GSE Stadium
- Interactive map of GSE Stadium
- Location: Famagusta, Cyprus
- Owner: Evagoras Gymnastic Association

Tenants
- Anorthosis (1911–1974) Nea Salamina (1953–1974)

= GSE Stadium =

Football stadium in Famagusta, Cyprus

The Evagoras Gymnastic Association Stadium (GSE Stadium) (Gymnastikos Syllogos Evagoras, Greek: Γυμναστικός Σύλλογος Ευαγόρας) is a football stadium located in Famagusta, Cyprus and was the home ground of Anorthosis and Nea Salamina. The stadium remains abandoned and in bad condition since 1974 when Turkey invaded the island of Cyprus and occupied 37.6% of it including the city of Famagusta.
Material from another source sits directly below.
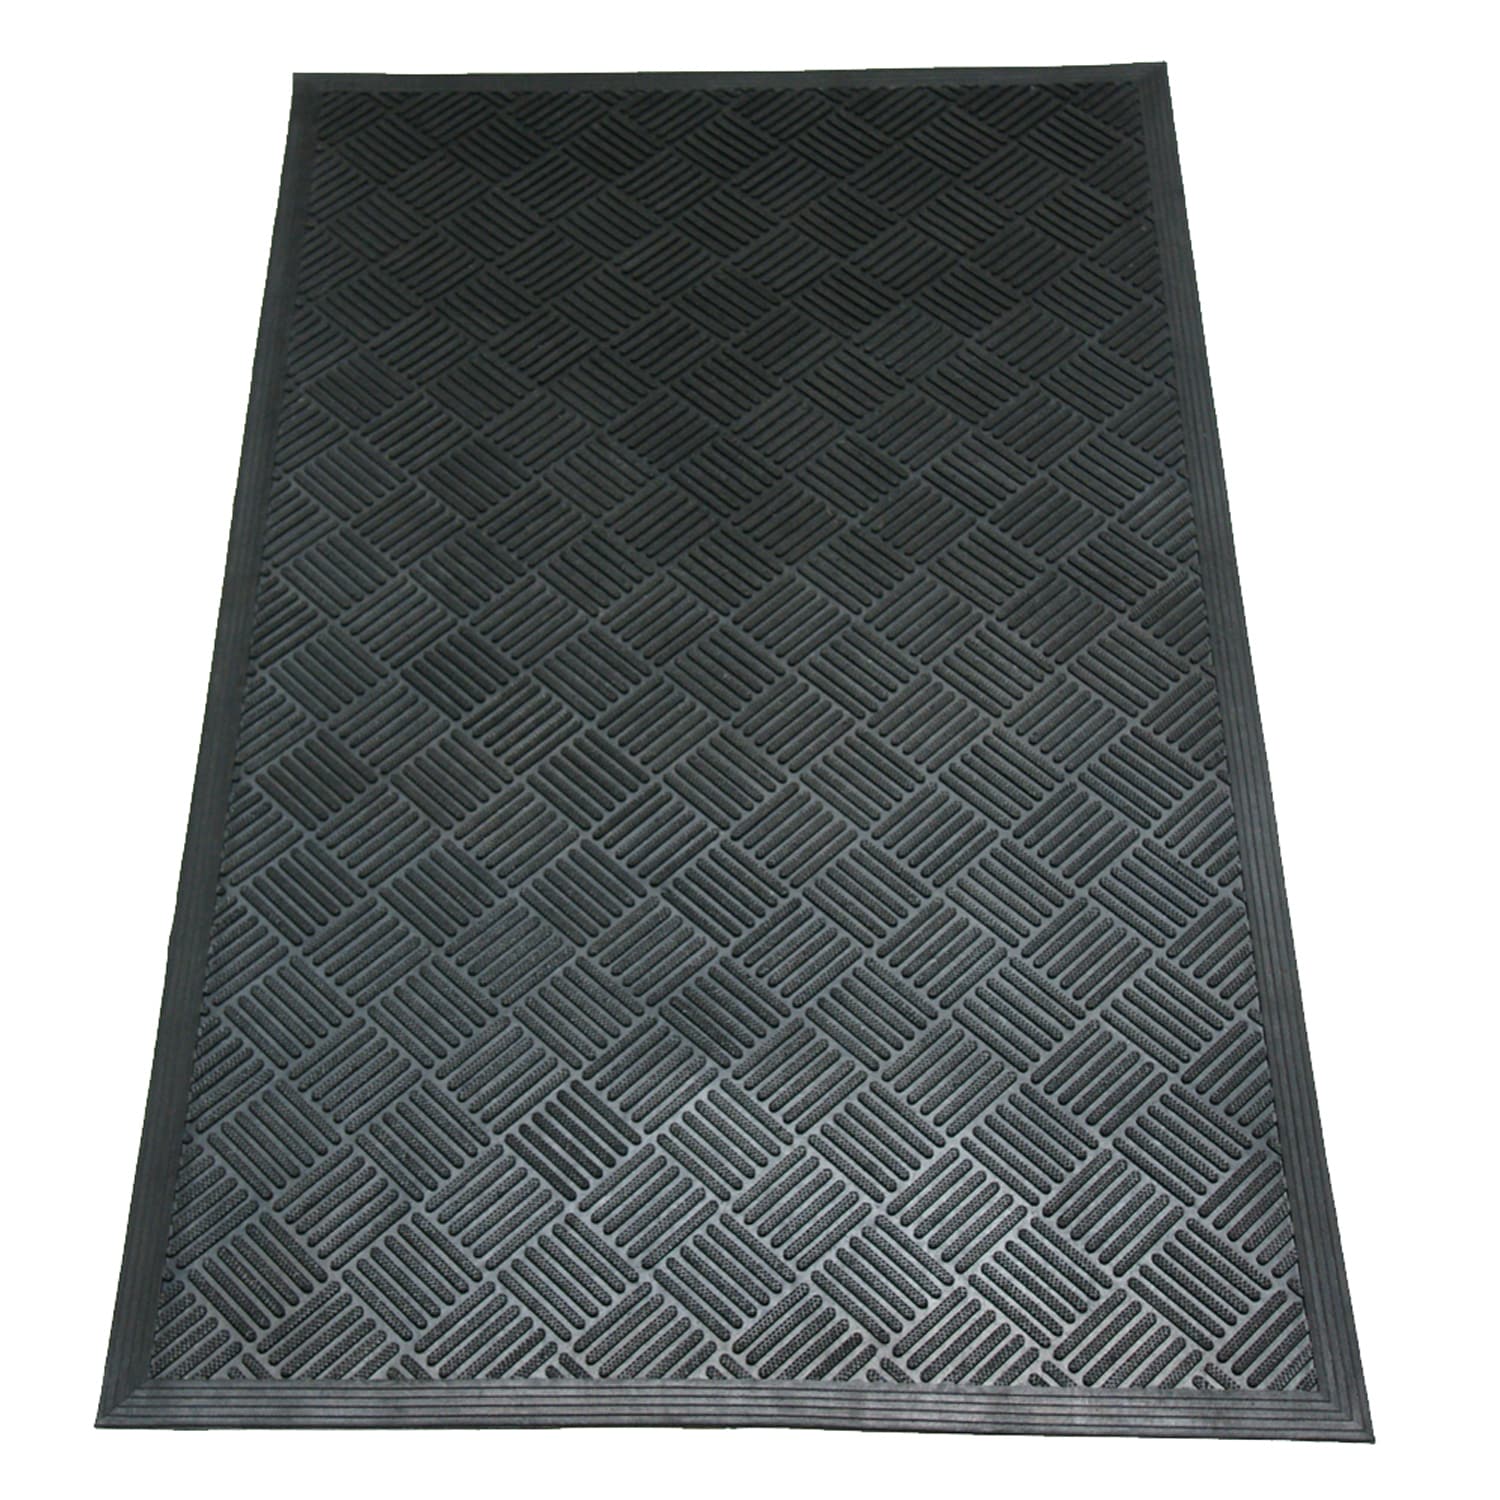 Choice 3' x 5' Black Rubber Ridge-Scraper Top Anti-Slip Safety Mat

After the summer of 1974, Anorthosis used many football stadiums all around Cyprus like Dasaki Stadium, Aradippou Municipal Stadium, Paralimni Stadium, Tsirion Stadium, old GSZ Stadium, and new GSZ Stadium. In 1986, Anorthosis built its own stadium named Antonis Papadopoulos Stadium, located in Larnaca.

Similarly, Nea Salamis Famagusta FC had used the GSZ Stadium, Dasaki Stadium, Tsirion Stadium, Deryneia, and Antonis Papadopoulos. In 1991 the club managed to build its own home stadium Ammochostos Stadium, with a 5000 seating capacity, located also in Larnaca.